Saturday, April 22, 2006

up/rooted discusses Wal-Mart

Greetings!

I apologize for not getting a summary of our last up/rooted gathering out sooner. We last met on the Monday before Easter, but since then I've been crazy busy with preparations for our church plant's big Easter kick-off.

We met on the tenth at Kristine Socall's home to view and discuss the documentary, Wal-Mart: the High Cost of Low Price. It was a disturbing look into the many unethical business practices of the world's second largest corporation (after Exxon). Of course they began by talking about the damage that Wal-Mart does to local businesses in small communities (an effect that I myself have personally experienced in several of the small rural communities I've lived in around the state of Michigan). They also mentioned the absurdly low wages and lack of decent benefits that Wal-Mart associates labor under. Apparently full-time Wal-Mart employees make so little that they still qualify for welfare, food stamps and government healthcare... and Wal-Mart's official benefits policy actually encourages their employees to apply for government assistance! But when Wal-Mart employees try to unionize to demand a living wage, the corporation goes into high-alert and utilizes rather extreme tactics to squash any unionizing attempts. The film also discussed the sweatshop conditions in China that Wal-Mart products are produced in, and the ecological damage that Wal-Mart stores often cause to their local environments.

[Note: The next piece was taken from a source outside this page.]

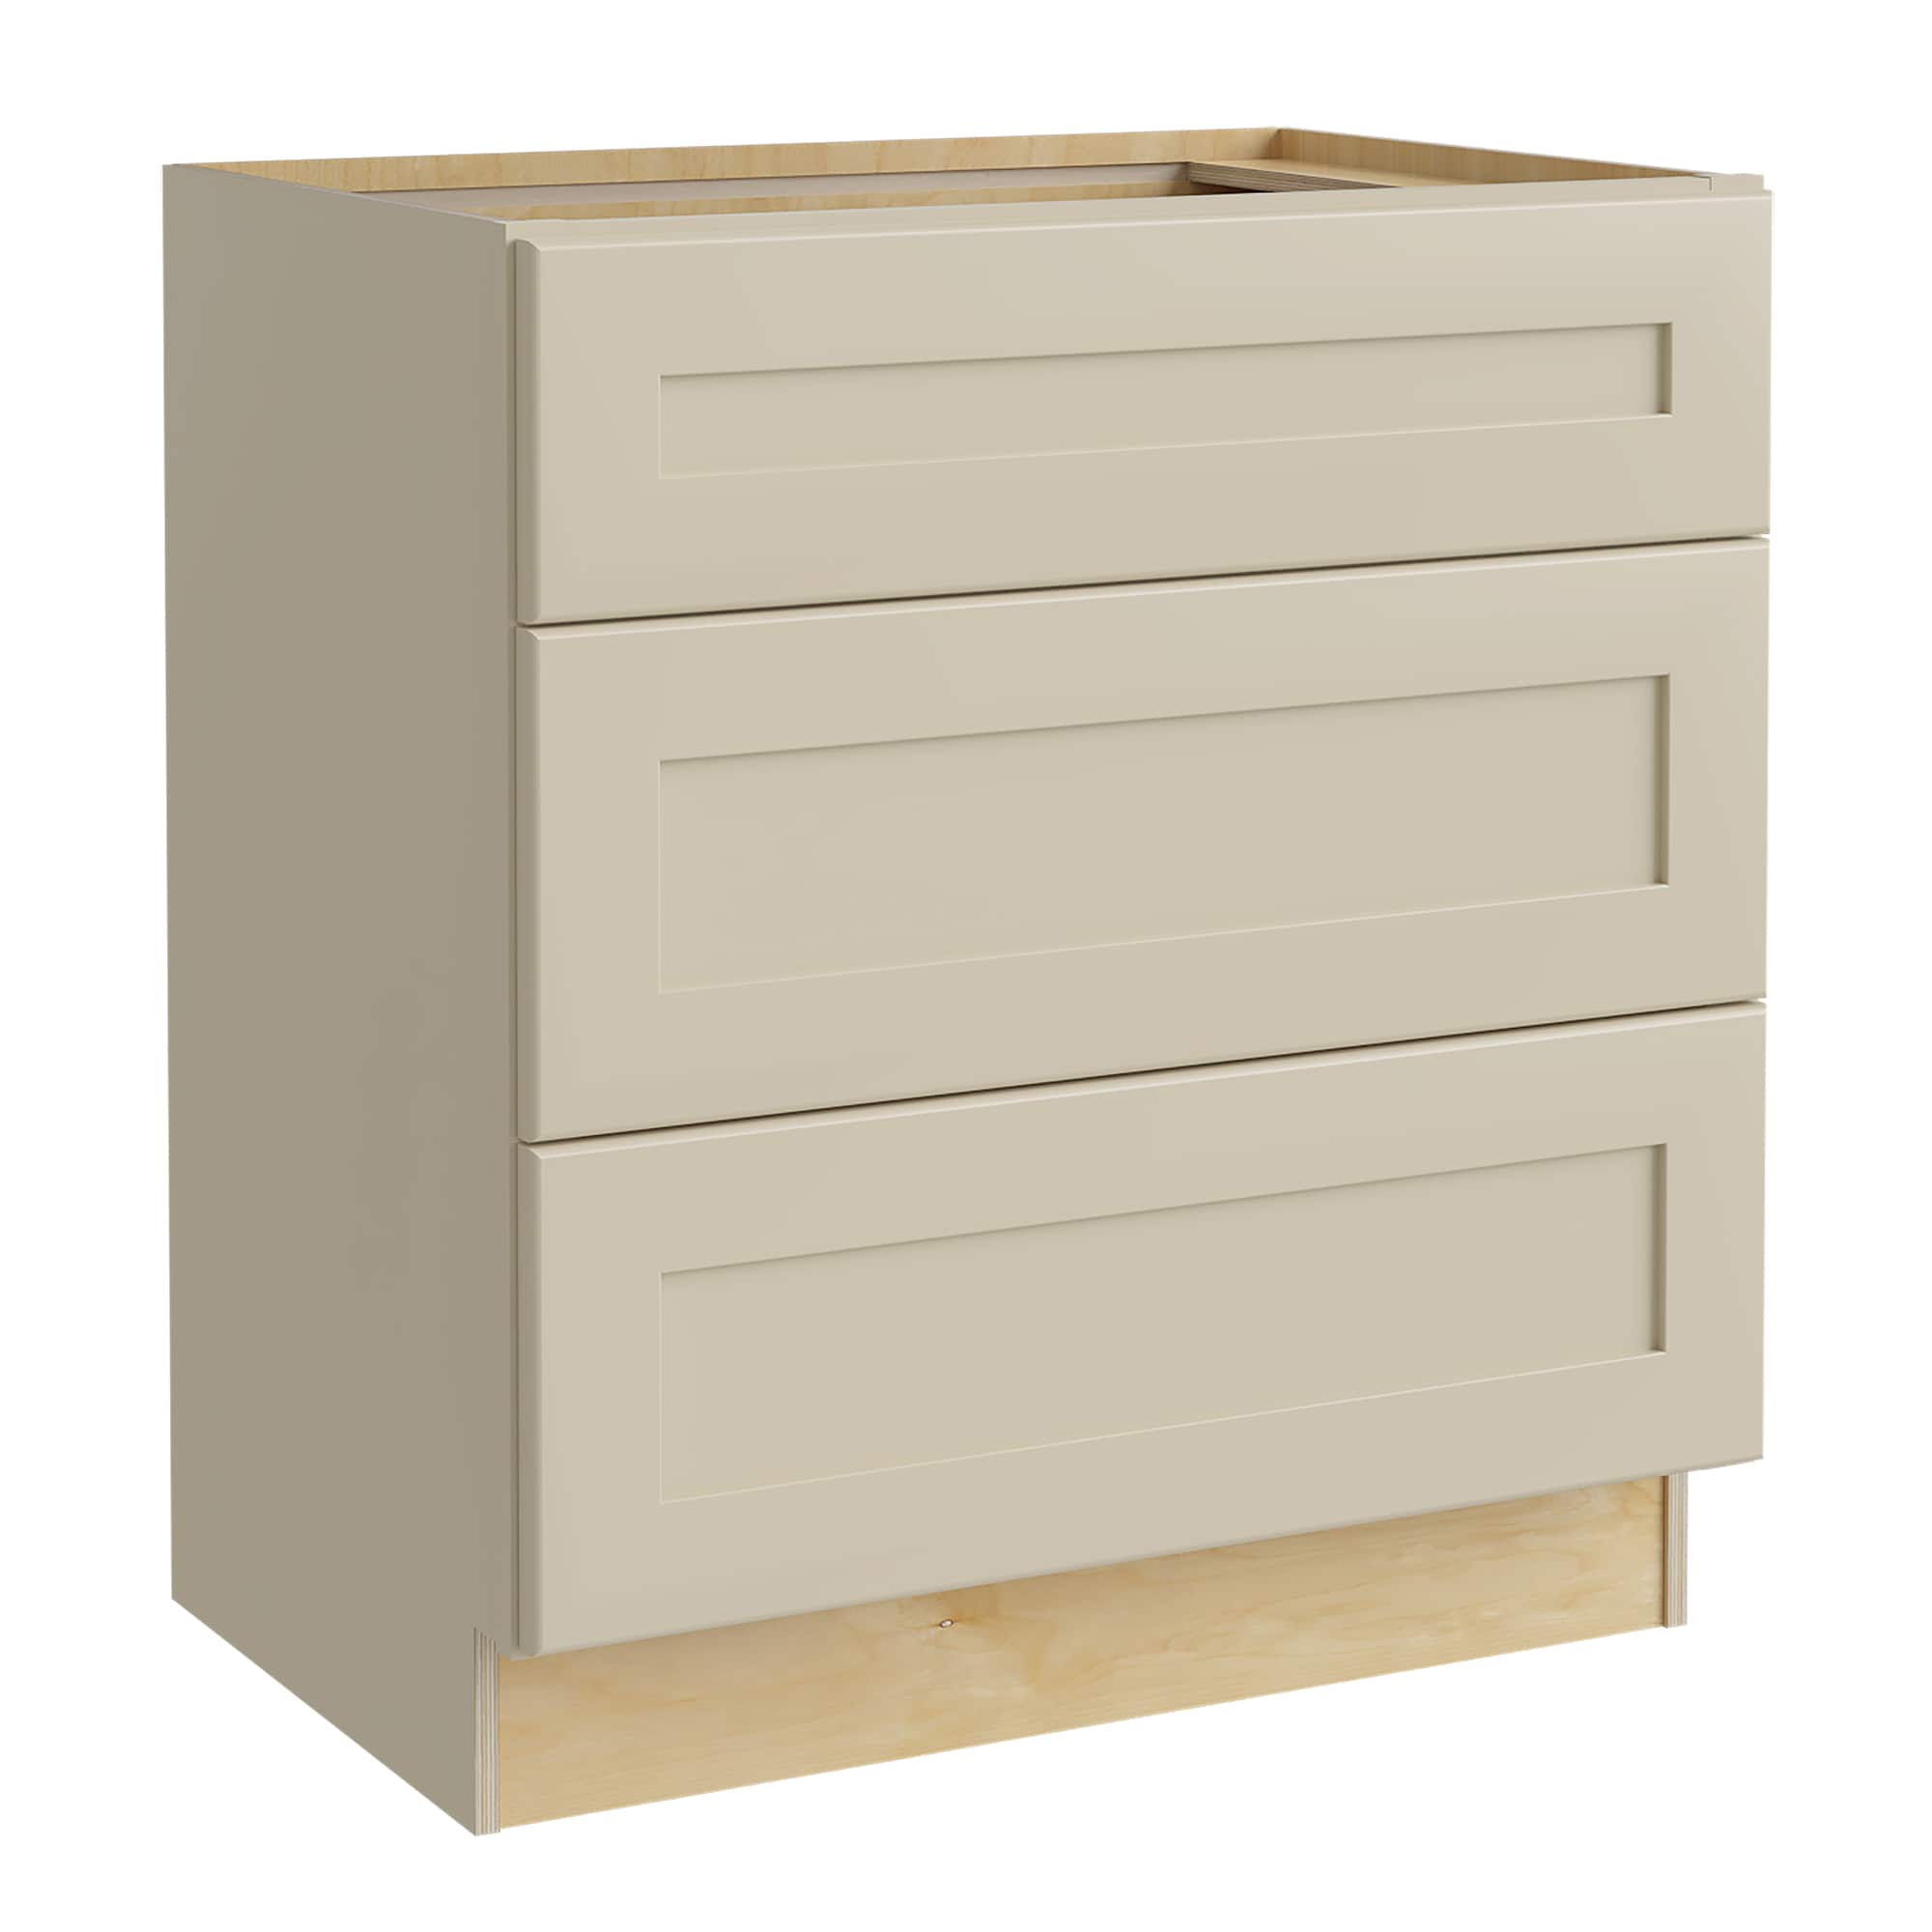 Luxxe Cabinetry 30-in W x 34.5-in H x 24-in D Norfolk Blended Cream Painted Drawer Base Fully Assembled Semi-custom Cabinet in Off-White | BCT30-NBC

For a short, and very humorous online cartoon that raises many of the same issues check out the "I've Got Friends With Low Wages" music video at http://walmartworkersrights.org/.

In short, the film raised a whole host of issues that make it clear that shopping (or not-shopping) at Wal-Mart is a practice directly related to how we live as followers of Christ that desire to stand against injustice in this world.

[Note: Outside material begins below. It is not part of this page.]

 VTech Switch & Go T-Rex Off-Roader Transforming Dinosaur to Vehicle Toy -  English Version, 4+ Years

Of course, we didn't find any easy answers to how we should respond to these glaring issues. We talked about practical things like supporting local businesses, applying consumer pressure on Wal-Mart and writing to store managers and CEO's with our concerns. We also talked about deeper issues of consumerism and greed, and how to escape the materialistic trap of modern society altogether through practices of simplicity. We wondered together what the alternative to a Wal-Mart style economy could possibly be, and how to get there, given that giant corporations aren't going to be going away anytime soon. We explored ideas about subverting the system from the inside, so to speak, by influencing actual Wal-Mart managers and executives to make more ethical decisions.

Some might question whether these kind of concerns are really "faith" issues. We talked together about how whenever problems like these are raised it is easy for people to label them with terms like "liberal" or "hippie" and thereby dismiss them as important issues. But when one reads a Bible that says things like ""This is the kind of fast day I'm after [says the LORD]: to break the chains of injustice, get rid of exploitation in the workplace, free the oppressed, cancel debts...get rid of unfair practices." (Isaiah 58:6) you begin to see that fair wages and just business practices are the kinds of things God is passionate about too. Many of us agreed that these were not just "activist" issues, these were gospel issues.

At any rate, this discussion wrapped up our series on social justice issues at up/rooted. In May we are going to turn our attention to questions of how we "do church". Specifically looking at alternative models of church, such as house churches, intentional communities, cell churches and comparing them to more traditional or even mega-church models. Come help us explore the question of what the right way to do church really is. ;)

We will be gathering at the Caribou Coffee shop in Glen Ellyn near the corner of Roosevelt Rd and Main St just one mile west of I-355 on Monday, May 8 from 7-9pm. Hope you can make it!